Sorry for not jumping in earlier. I’ve developed the Strahler plugin and should be able to help. If I got it right, you need help concerning 1) Installation, 2) Batch processing and 3) Resolving closed loops the ramified structure.
@Bio7, @imagejan and @rimadoma already helped you with most of it, but just for thoroughness and future reference I will try to comment on those:
Strahler is distributed with the BAR suite of scripts. That’s why the easiest is to subscribe to the BAR update site. If I recall correctly this should be mentioned in the Installation sections of both the Strahler and BAR documentation pages. AnalyzeSkeleton (Analyze▷ Skeleton▷ Analyze Skeleton (2D/3D)…) and Skeletonize3D (Plugins▷ Skeleton▷ Skeletonize (2D/3D)…) are part of core Fiji.
Typically (and for highest flexibility) ImageJ plugins operate in single images with processing of multiple images being handled separately by ImageJ. As the vast majority of ImageJ plugins, Strahler is macro recordable. So the easiest way to process multiple images would be to:
- Start the Macro Recorder (Plugins▷ Macros▷ Record…)
- Run BAR▷ Morphometry▷ Strahler Analysis on the first image
- Copy the resulting line into the Batch Processing dialog (Process▷ Batch▷ Macro…). The recorded line would look something like it:
run("Strahler Analysis", "max.=10 infer ignore method=[shortest branch] display_iteration show");
If needed, you could also use some of BAR’s Batch_Processors. But in either case I’d explore first the procedure in a couple of images after reading the pages mentioned above. Any of us will be able to help you with this automation, but we will sure be more effective if you first give it a try.
In short: The plugin cannot process skeletons containing closed loops. You have several options to resolve such loops, including some sophisticated ones that will use the original (pre-thinned) image to determine the best way to open up loops in the structure. Rationale and details are explained in both the Strahler and AnalyzeSkeleton documentation (the core functionality of Strahler is provided by AnalyzeSkeleton, so all the information you need will always be in either documentation page). NB: Strahler will automatically disable loop-resolving options that cannot be applied to your image. E.g.: If the original grayscale image of the structure is not available, Intensity-based options will not be available.
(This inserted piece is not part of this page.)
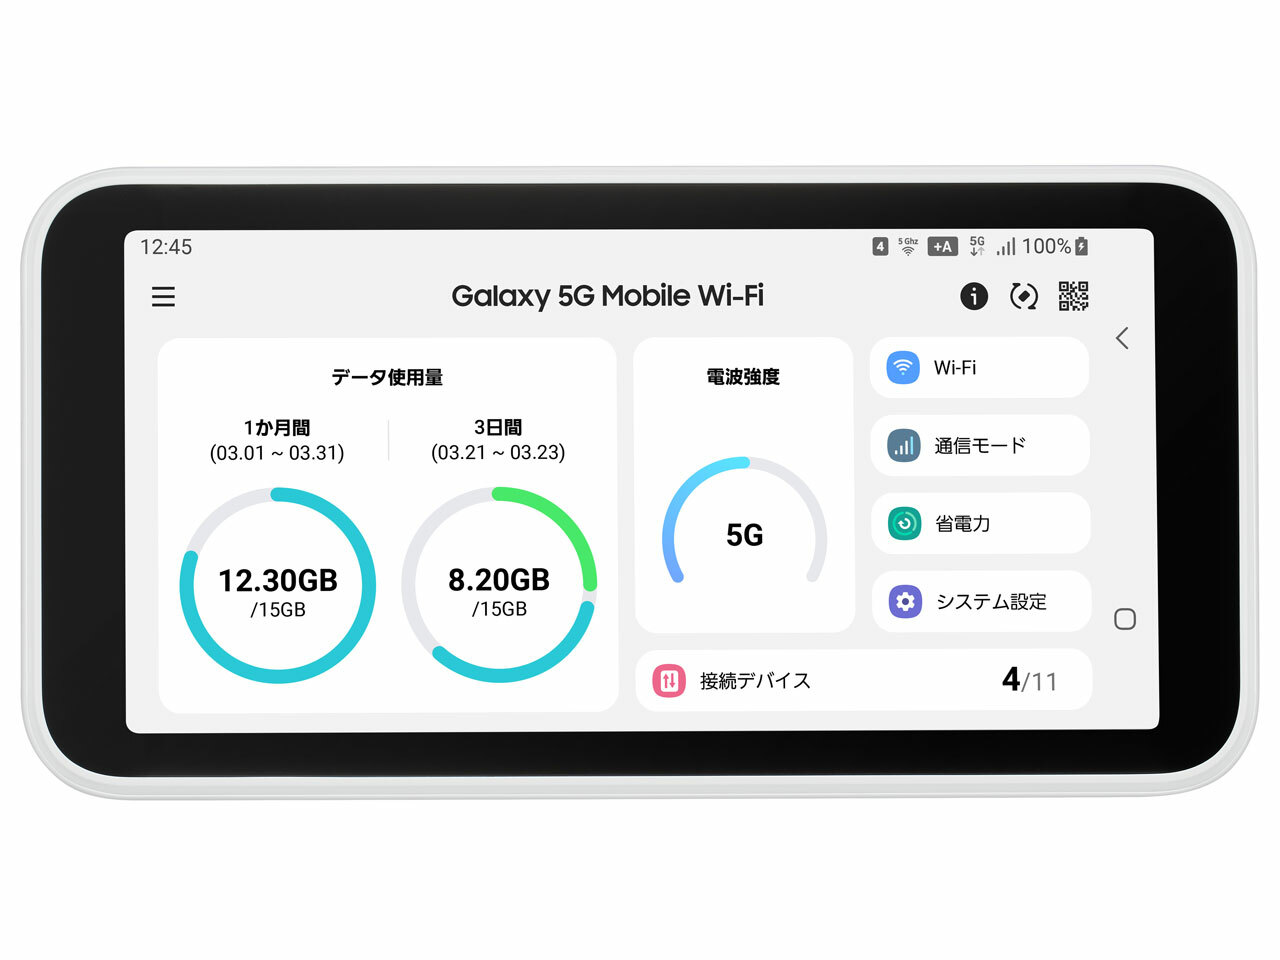 [新品未使用品]Galaxy 5G Mobile Wi-Fi SCR01 [ホワイト] AU UQ版 白ロム モバイル ルーター 判定〇<br>

Since your coral is a somewhat polarized structure, I wanted to mention that you will probably be interested in determining the root of the coral, as described in Root Detection (NB: There have been some recent improvements in root detection that are not yet documented). For this to work you will have to mark the root of your corals with a rectangular ROI, as mentioned in the documentation. This option is also compatible with batch processing as long as you save your images as .tiff, since the ROI will be saved in the image header and retrieved at startup by ImageJ.
On a slightly different note, I wanted to mention that you could also complement your analysis using Sholl.